How to solve D ? -_-
Do binary search on $$$l$$$. Now you need to check if there is a square of size $$$l$$$ with all $$$a_{ij} \geq k$$$. To do so, we can find the maximal square and just compare its side to $$$l$$$. Finding maximal square is a well known DP problem and can be solved in $$$\mathcal{O}(nm)$$$. Total compexity $$$\mathcal{O}(nm*log(n))$$$
What's the solution for F?
anyone how to solve B . i got TLE .
simple math formula. https://oeis.org/search?q=1%2C7%2C22%2C50%2C95%2C161%2C&language=english&go=Search
Can someone explain to me why my code gives WA for n = 1000000000 for problem B? :( 186932175
Any hints for D please?
Binary search
I got the intuition of the binary search thing but how do I do the verification on the grid?
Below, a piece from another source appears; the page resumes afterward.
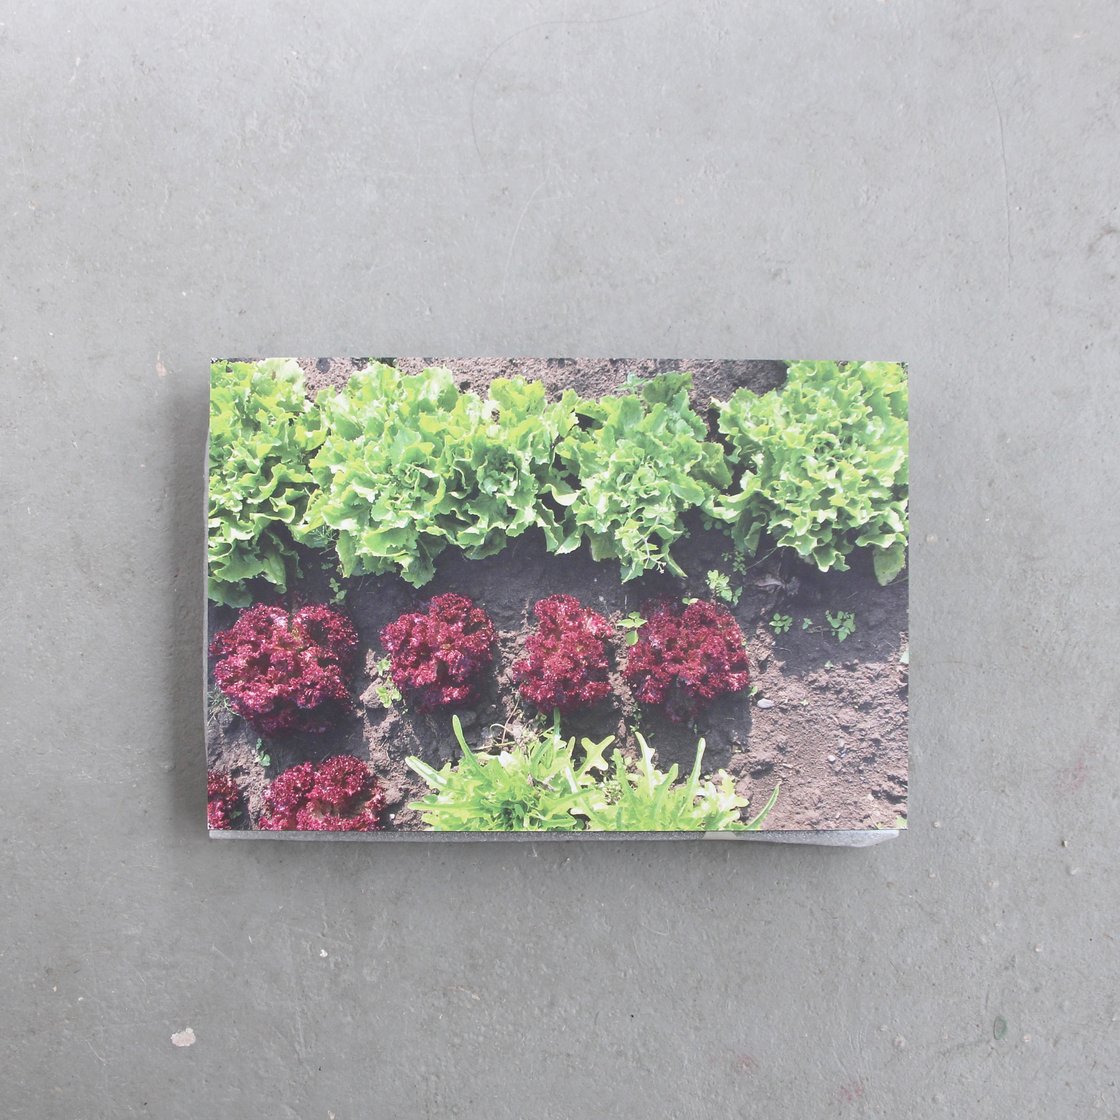 Image of Vegetable garden – print on dibond

More specific hint please
to check if we can have a submatrix of size k, you can just convert the matrix into binary matrix by changing all value greater than k to 1 otherwise 0. Now you can find largest square with all 1s (https://www.geeksforgeeks.org/maximum-size-sub-matrix-with-all-1s-in-a-binary-matrix/) and if this is greater than k we can have a submatrix of size k with all elements greater than equal to k otherwise no.
you can binary search after finding matrix window minimums.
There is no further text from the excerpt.